● **EXERCISE REQUIREMENTS**:
Only the lines of the listing below that run from the line with "Une femme, laiteuse, qui" through the line with "Takashi Murakami - Time Furoshiki" are to be set down, word for word. Pictures stay out.

● **SOURCE MATERIAL**:
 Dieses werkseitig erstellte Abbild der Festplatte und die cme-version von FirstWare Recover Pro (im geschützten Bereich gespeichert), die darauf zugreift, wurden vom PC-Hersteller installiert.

==

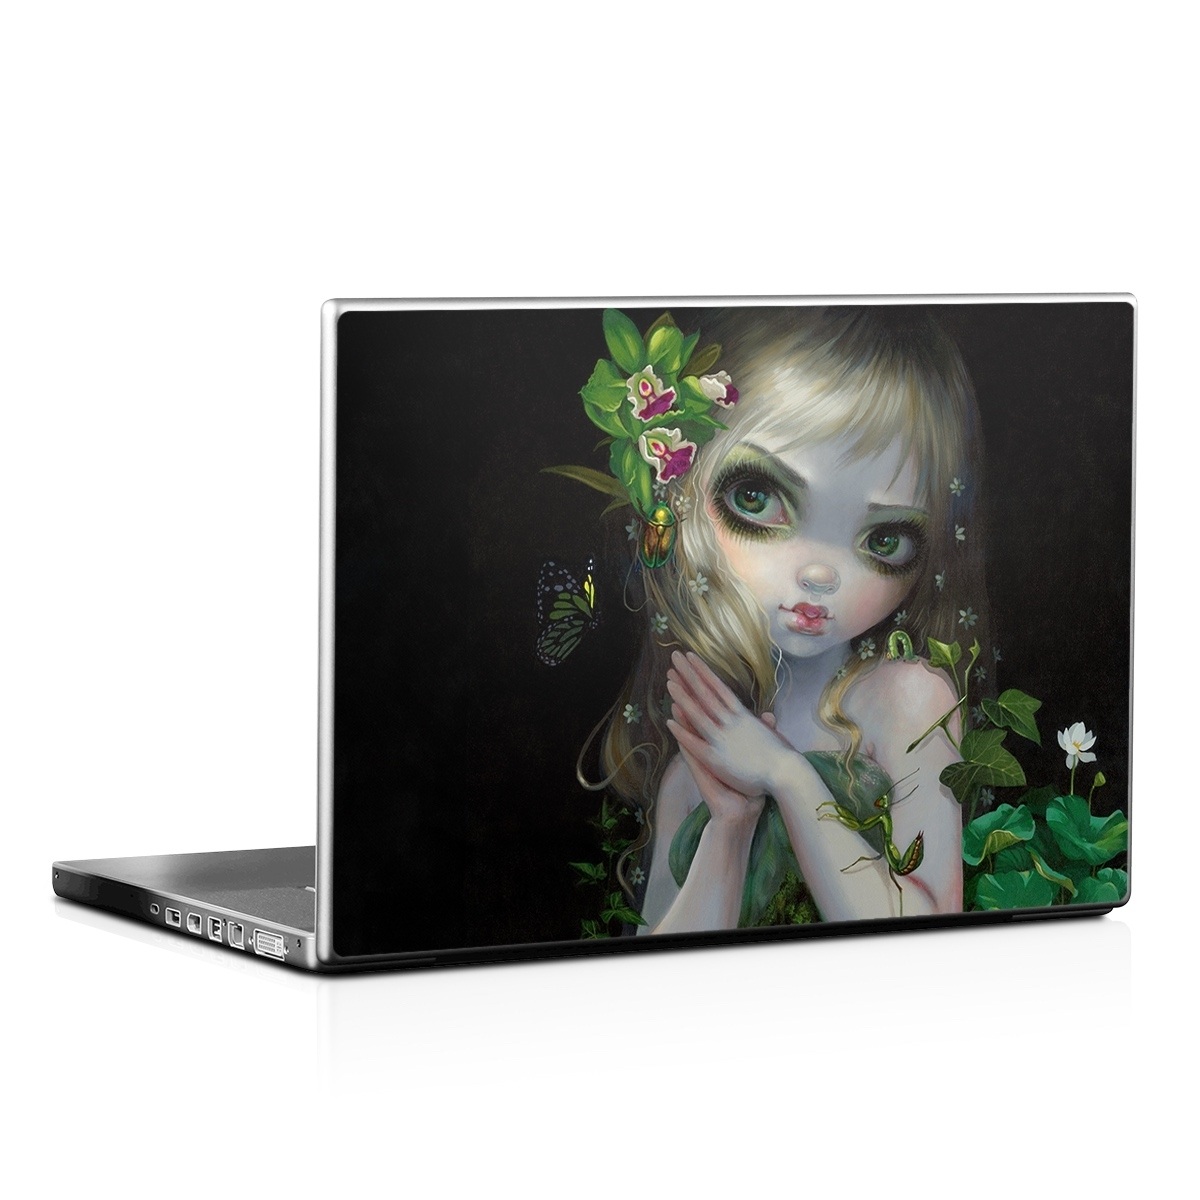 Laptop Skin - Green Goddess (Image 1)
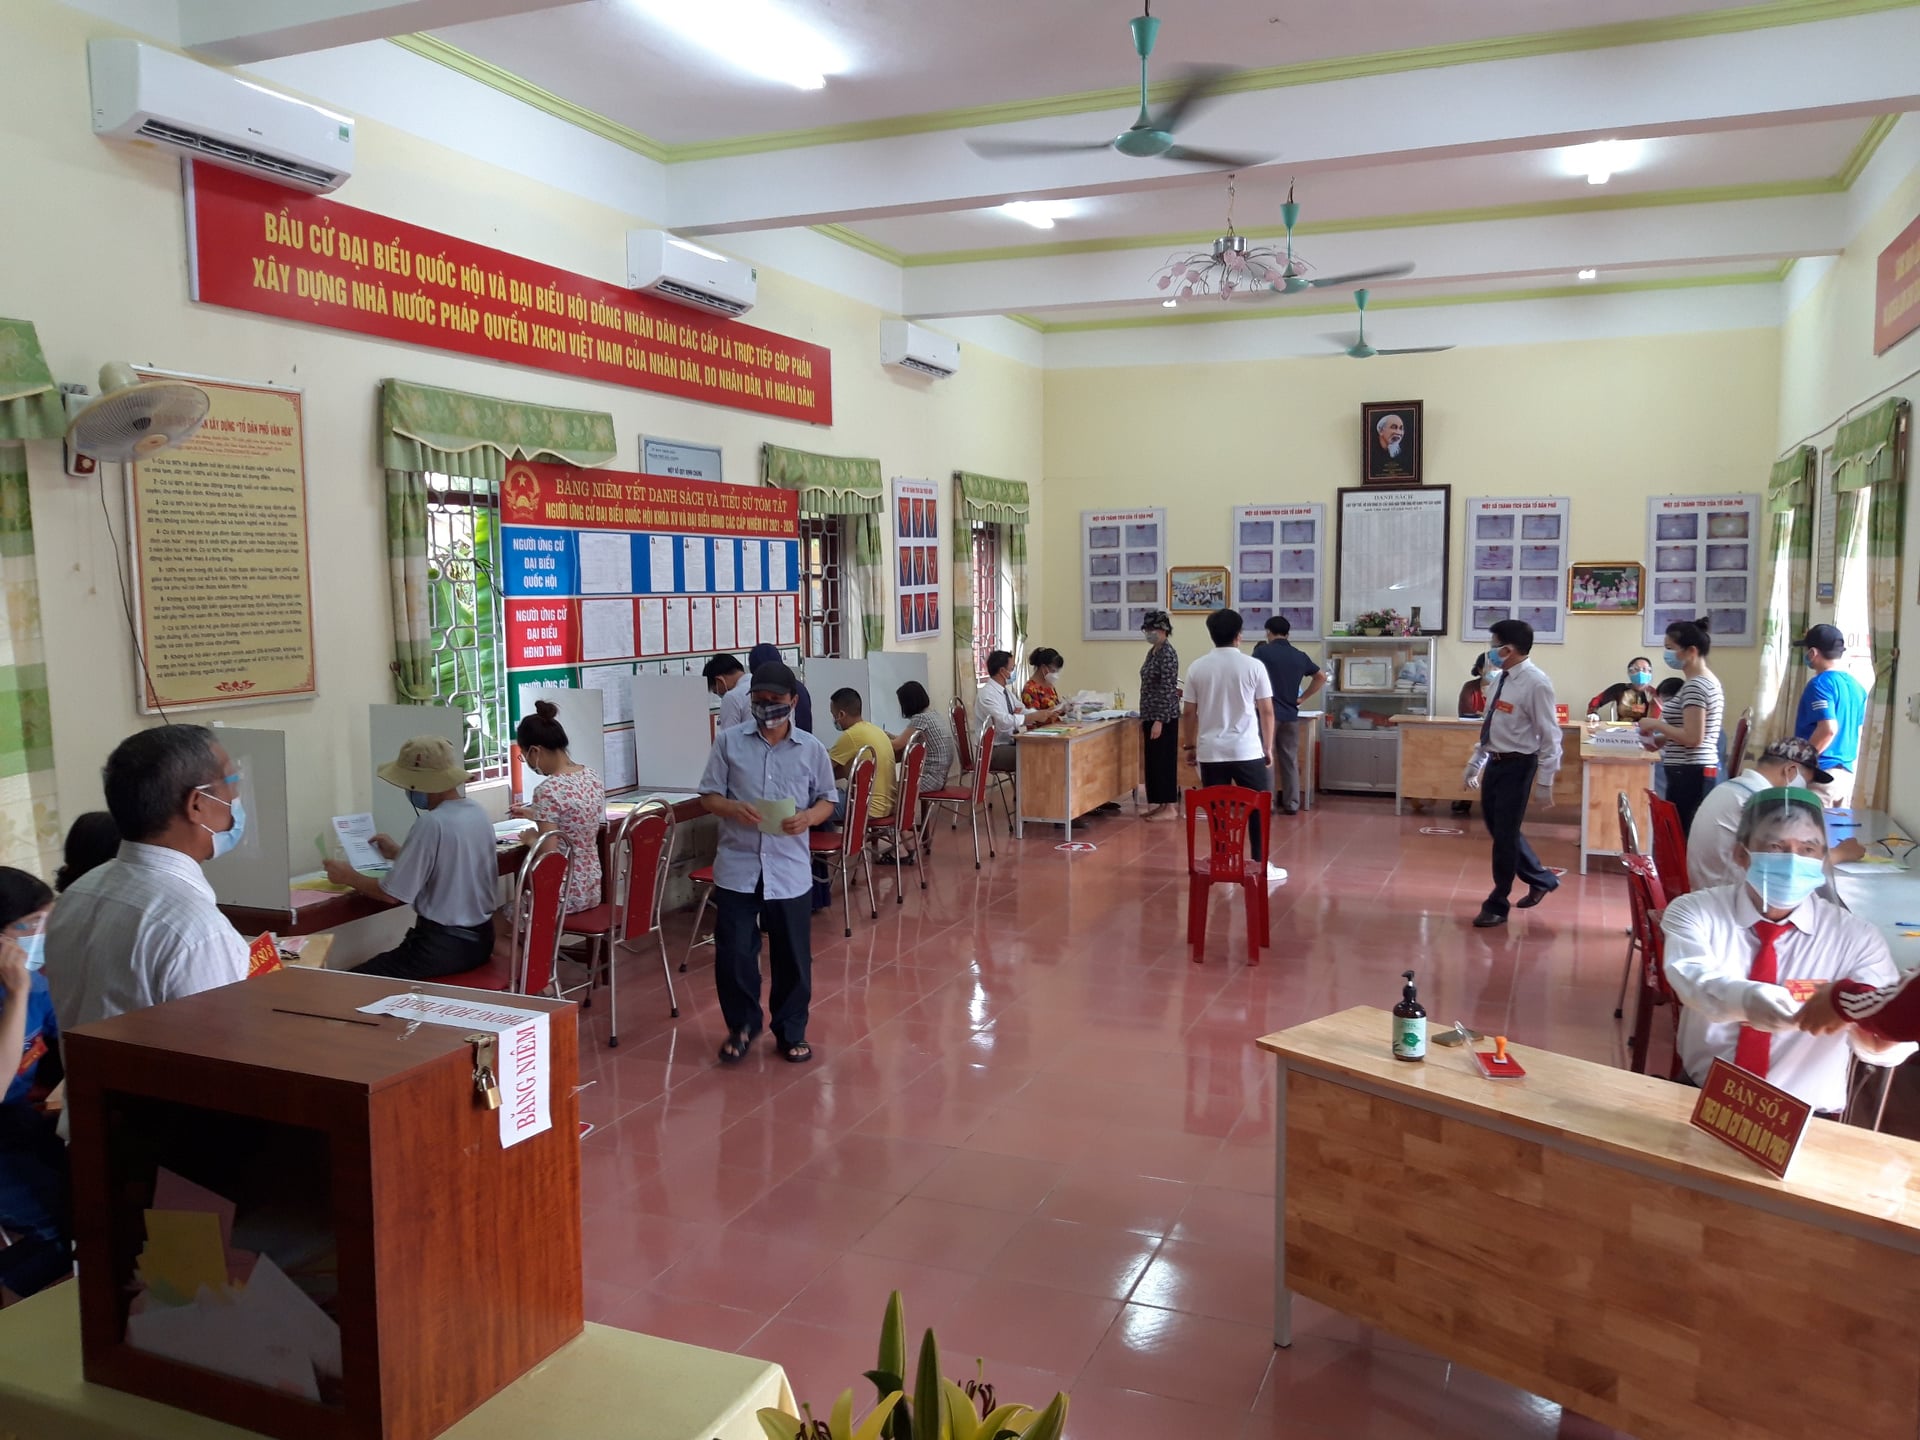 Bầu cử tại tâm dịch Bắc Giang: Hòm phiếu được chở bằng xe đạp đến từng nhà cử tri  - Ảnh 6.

--

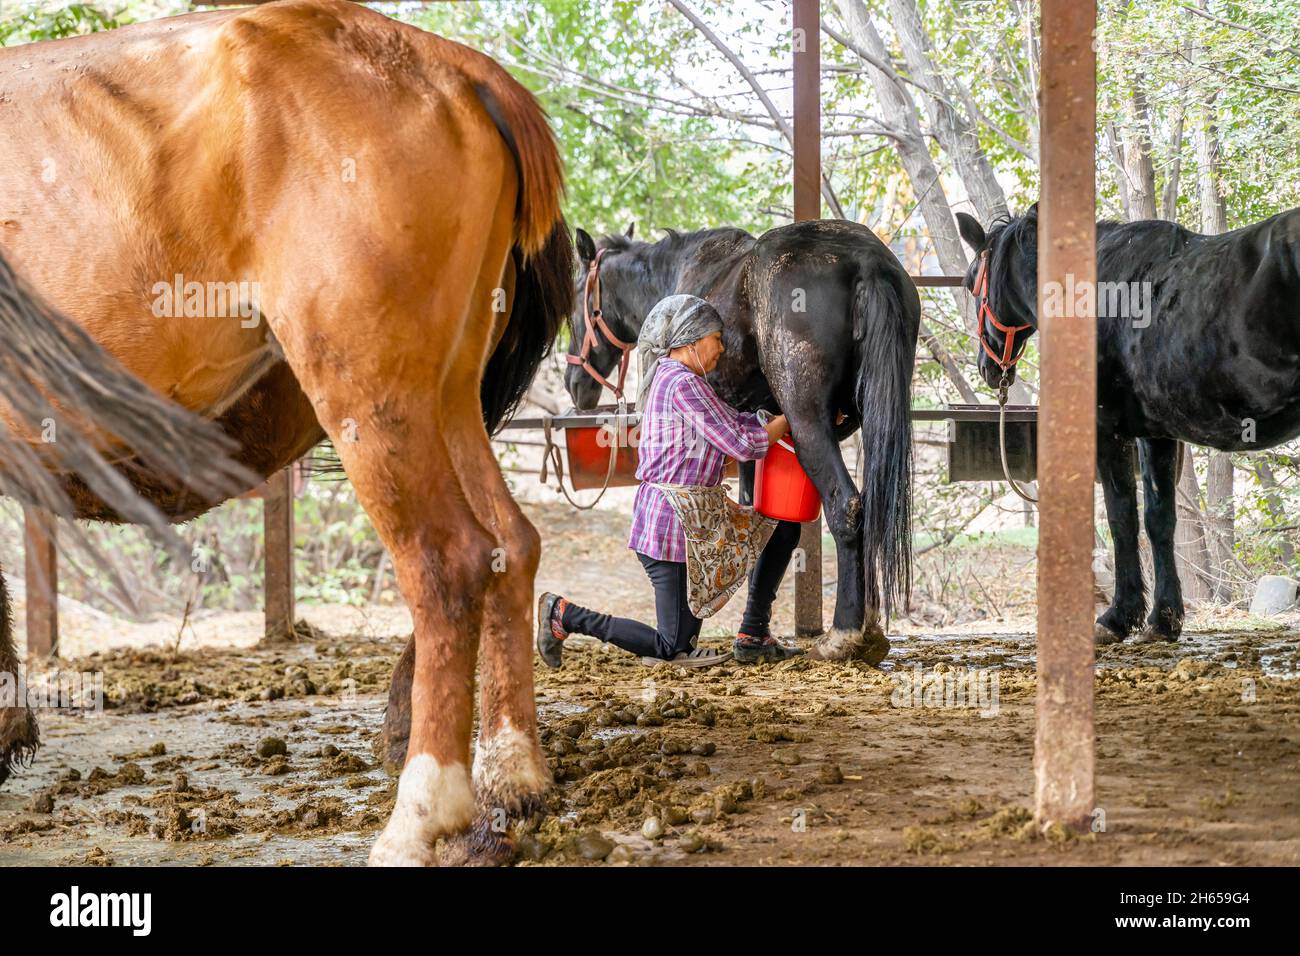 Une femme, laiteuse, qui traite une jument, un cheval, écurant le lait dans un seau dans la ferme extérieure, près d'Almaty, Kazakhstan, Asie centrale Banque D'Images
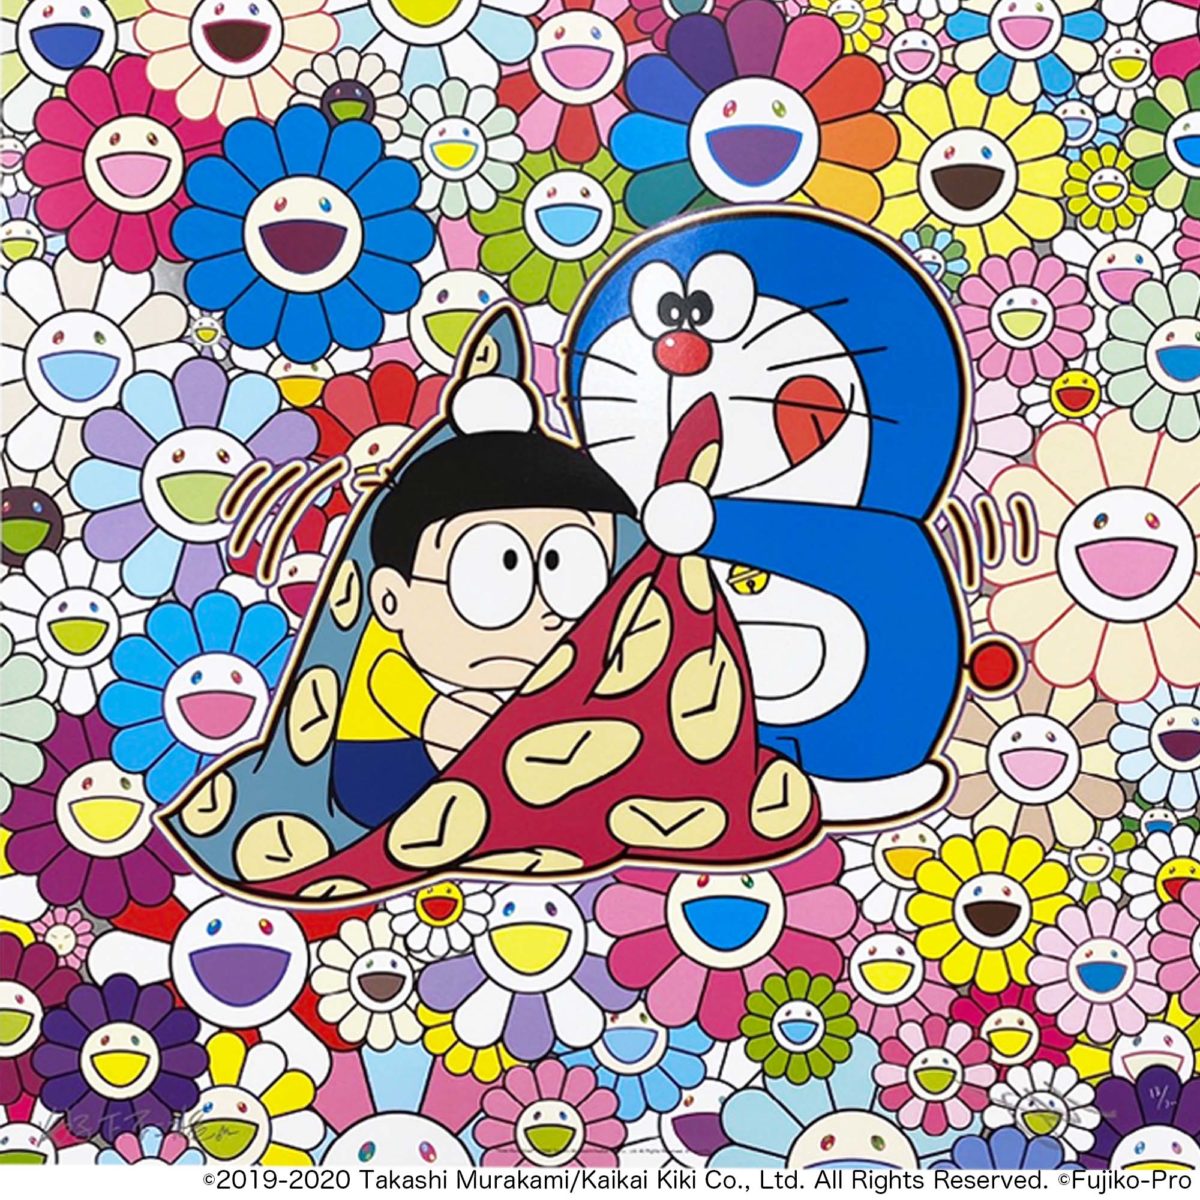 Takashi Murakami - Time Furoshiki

● **YOUR RESPONSE**:
 Une femme, laiteuse, qui traite une jument, un cheval, écurant le lait dans un seau dans la ferme extérieure, près d'Almaty, Kazakhstan, Asie centrale Banque D'Images
 Takashi Murakami - Time Furoshiki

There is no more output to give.